More experts allow more specialization, but:

  • Take longer to train
  • Use more memory
  • May need load balancing to prevent some being unused

Start with 4-8 and adjust based on your results.

WithHiddenExpansion(int)

Sets the hidden dimension expansion factor for expert networks.

public MixtureOfExpertsBuilder<T> WithHiddenExpansion(int expansion)

Parameters

expansion int

The expansion factor (hidden dim = input dim * expansion).

Returns

MixtureOfExpertsBuilder<T>

This builder instance for method chaining.

Remarks

The actual expert hidden dimension will be calculated as InputDim * expansion. Common values: 2-4 for moderate capacity, 4-8 for high capacity.

WithIntermediateLayer(bool)

Configures whether experts should use an intermediate (hidden) layer.

public MixtureOfExpertsBuilder<T> WithIntermediateLayer(bool useIntermediateLayer)

Parameters

useIntermediateLayer bool

True to use 2-layer experts, false for single-layer experts.

Returns

MixtureOfExpertsBuilder<T>

This builder instance for method chaining.

Remarks

Two-layer experts (Input → Hidden → Output) provide more capacity and are standard in research. Single-layer experts (Input → Output) are faster and use less memory, suitable for simpler tasks.

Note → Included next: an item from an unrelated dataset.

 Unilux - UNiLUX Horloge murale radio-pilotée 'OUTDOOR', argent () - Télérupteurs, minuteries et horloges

Default is true (two-layer) as this matches most research implementations.

For Beginners: Controls how complex each expert network is.

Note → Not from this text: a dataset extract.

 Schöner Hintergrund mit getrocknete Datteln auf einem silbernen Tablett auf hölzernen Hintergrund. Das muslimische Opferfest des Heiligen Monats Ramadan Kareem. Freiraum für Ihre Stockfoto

Two-layer experts (default: true):

  • Structure: Input → Hidden → Output
  • Pros: More capacity to learn complex patterns
  • Cons: Slower, uses more memory
  • Use when: You have a complex task or enough compute
  • Example: Input(128) → Hidden(512) → Output(128)

Single-layer experts (false):

  • Structure: Input → Output (direct connection)
  • Pros: Faster, less memory, easier to train
  • Cons: Less capacity for complex patterns
  • Use when: Simpler task or limited compute
  • Example: Input(128) → Output(128)

Rule of thumb:

  • Complex tasks (language, vision): Use two-layer (true)
  • Simple tasks (regression, small classification): Can use single-layer (false)
  • When unsure: Stick with default (true)

WithLoadBalancing(bool, double)

Configures load balancing to encourage even expert utilization.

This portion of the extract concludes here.